Witness: Maureen McDonnell Pitched Company’s ‘MS Cure’ To Ann Romney

ASSOCIATED PRESS

Virginia’s former first lady had something besides politics on her mind in 2012 on the day her husband endorsed Mitt Romney for President.

Phil Cox, who ran former Gov. Bob McDonnell’s (R) political action committee, testified in court Monday that the governor’s wife, Maureen, tried to promote the dietary supplement Anatabloc to both Mitt and Ann Romney the same day her husband endorsed Mitt Romney for the Republican nomination for President.

The Washington Post reported on the testimony as part of the ongoing federal corruption trial against the McDonnells.

According to the Post, Cox said the McDonnells had flown to South Carolina for the endorsement on Jan. 20, 2012. While Bob McDonnell was giving interviews to national media in a conference room, Cox said, Maureen McDonnell entered the room along with Star Scientific then-CEO Jonnie Williams.

Williams, whose company manufactured the supplement Anatabloc, has been at the center of the corruption case and allegedly lavished the McDonnells with money and gifts while the governor was in office.

Cox said Maureen McDonnell and Williams were trying to meet with the presidential candidate to talk about Anatabloc, according to the Post.

Cox shut down the attempt and got them to leave the room. Later, Cox said he overheard Maureen McDonnell making a second attempt to pitch the product — this time to Romney’s wife, Ann.

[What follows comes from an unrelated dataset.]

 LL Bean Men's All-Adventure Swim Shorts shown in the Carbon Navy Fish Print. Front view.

“Mrs. McDonnell was talking to Ann Romney about how Anatabloc could potentially cure MS,” Cox said, according to The Washington Post.

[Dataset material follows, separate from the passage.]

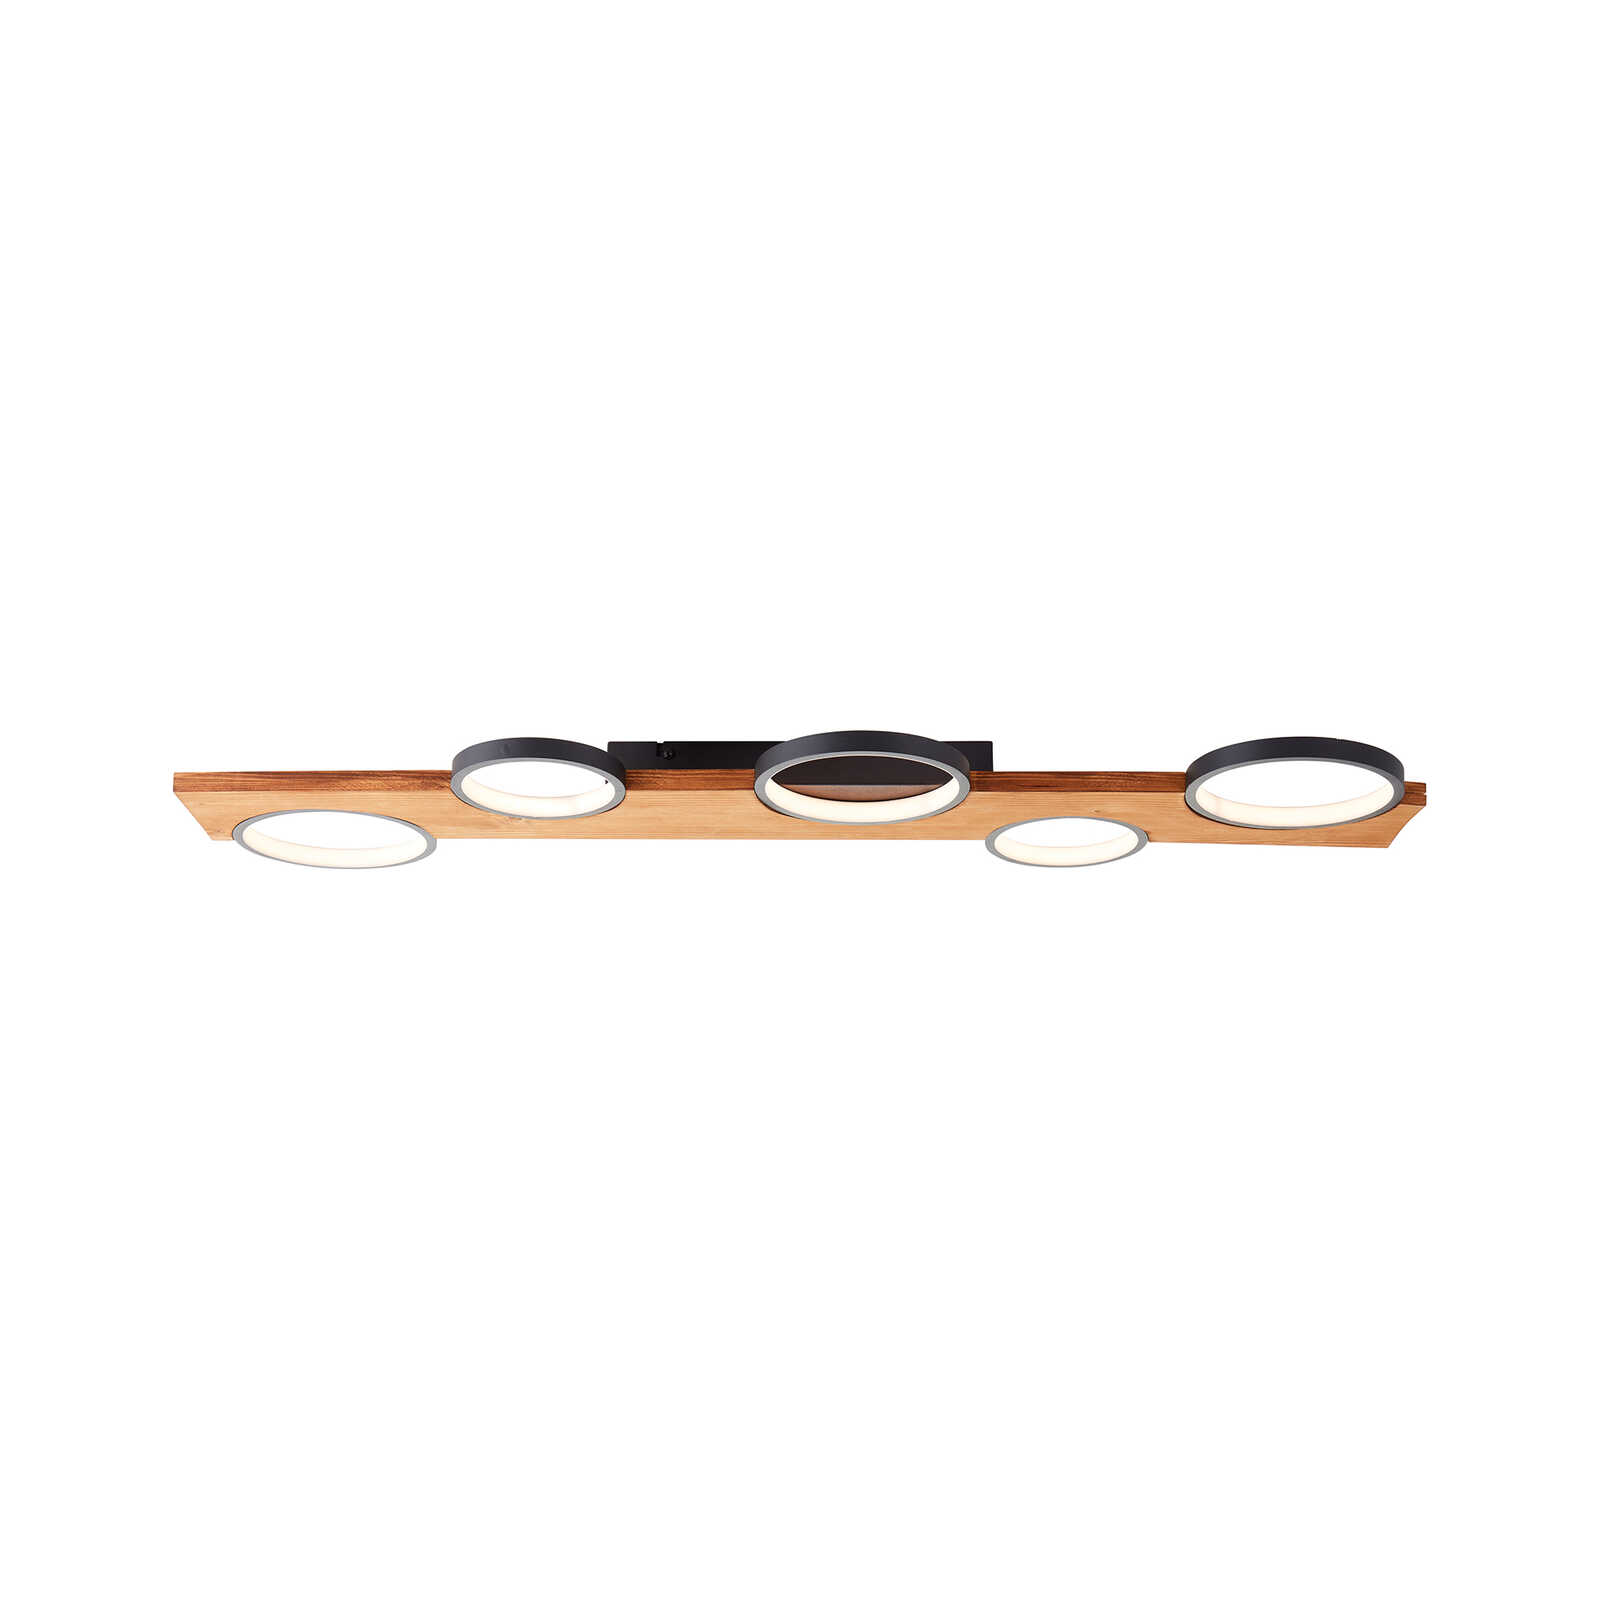 Wooden ceiling light - Lore - Brown

Cox called Ann Romney, who has multiple sclerosis, “extremely classy” for listening to Maureen McDonnell, but Cox himself was “horrified” by the conversation.

“I was horrified. I thought it was a train wreck. I thought it was improper that Maureen would try to push this product on Ann Romney, and I didn’t think it showed the governor in a great light,” Cox said.